I read this somewhere and it made a HUGE diference for me. If useing big fat fresh wax worms. .......thread it on head first covering the shank of the hook only. you want the wax worm straight with the point of hook exposed. you dont want it all in a ball. Then the secret is to pinch the bottom of the worm. This gets all the juices and sent in the water and changes the appearance of the bait in the water. put on fresh bait frequently. try it. It works


----------



## Fabner1 (Jan 24, 2009)

*
I'm going to have to try your methods guys! 

Nothing else seems to be working!*

Fred

http://outinmichigan.com/


----------



## ficious (Aug 28, 2002)

When the bite is slow, I poke one end of my waxie and hook it near the other end. I prefer to leave the worm dangling on the hook. If a gill just grabs the end of the worm, it will get some juice in it's mouth and become more agressive. I lose alot of bait this way, but it seems to help put fish in the bucket. 

I fish LSC almost exclusively, and the fishing methods are much different than most other lakes because its so shallow. Reels aren't required to fish for panfish because most of the places(lake) I fish are less than 8 feet deep.

Harry


----------



## raisinrat (Feb 9, 2006)

The_Don said:


> With spikes take and squeeze the center and it will extend out the pointed end and expose a more clear spot at the tip, hook through that and if your lucky enough it wont deflate and spit its slop out at you.

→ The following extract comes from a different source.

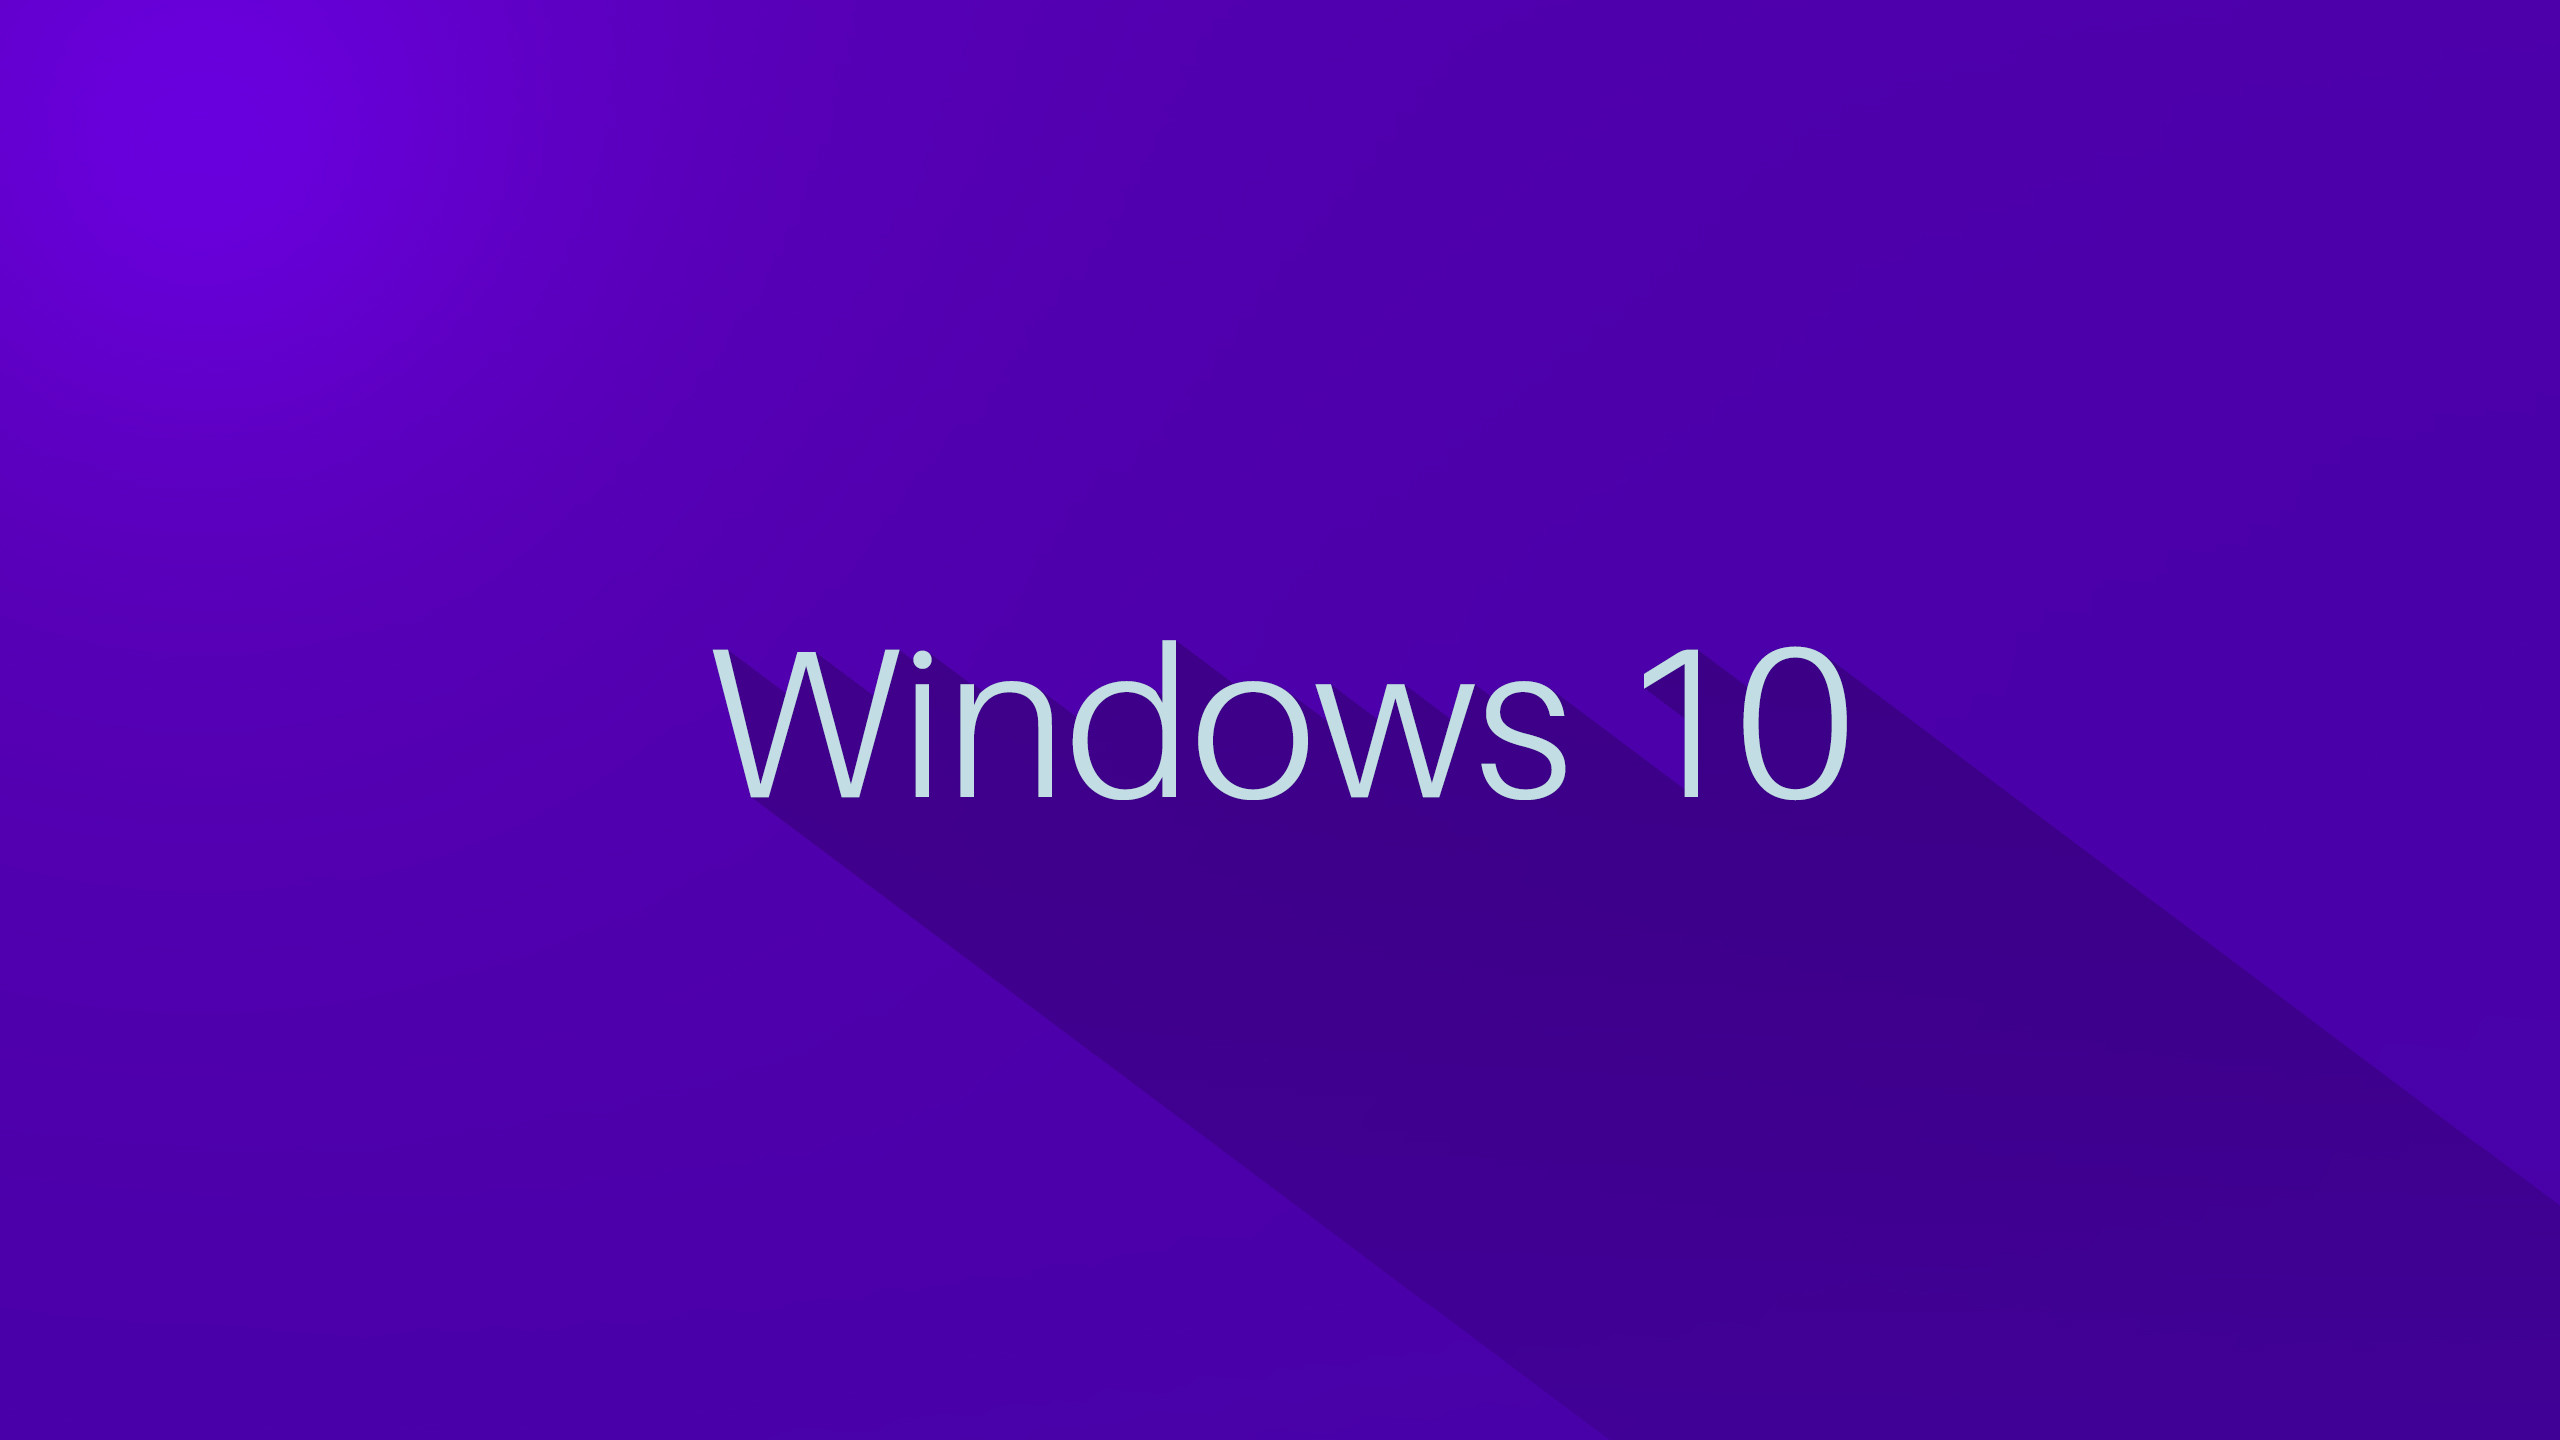 2560x1440 Purple Windows 10 Wallpaper Background 49913

To add to this check out this it explains this and has a video of how it should look.Hope this helps you out.

Rigging Spikes


----------



## nowicki2005 (Oct 6, 2008)

thanks for the replies


----------



## Still Wait'n (Nov 25, 2005)

raisinrat said:


> To add to this check out this it explains this and has a video of how it should look.Hope this helps you out.
> 
> Rigging Spikes


Raisin I believe you may have it backwards if it matters. Spikes don't have eyes and the blunt end is the posterior. But yes you do want to nick the (blunt end) when hooking them and they will be nice and lively. 

Here is a link to fly larva:
http://www.ah.novartis.com/fhp/en/fly_species_house_fly_larva.shtml


----------



## Rex_ (Jan 23, 2010)

raisinrat said:


> To add to this check out this it explains this and has a video of how it should look.Hope this helps you out.
> 
> Rigging Spikes


Ok, that tells you how to find the head but it doesn't say which end you put the hook through. When you squeeze it, does the head pop out or the other end?


----------



## MichiganWalleye (Jul 19, 2010)

for spikes just nip the end with the dots...just like RR said get them through that tiny bump and they'll stay alive and hardly ever come off.

covering the hook or not is personal preference. Just please please please be sure to hook your bait of choice in a manner so the jig doesn't spin like a helicopter when you drop it down.


----------



## raisinrat (Feb 9, 2006)

Still Wait'n said:


> Raisin I believe you may have it backwards if it matters. Spikes don't have eyes and the blunt end is the posterior. But yes you do want to nick the (blunt end) when hooking them and they will be nice and lively.
> 
> Here is a link to fly larva:
> http://www.ah.novartis.com/fhp/en/fly_species_house_fly_larva.shtml



I said that Fishermen call that end the head. Which has two dots that look like eyes. And if you follow the pics it show that area that pops out. I state thats where you hook the spike. 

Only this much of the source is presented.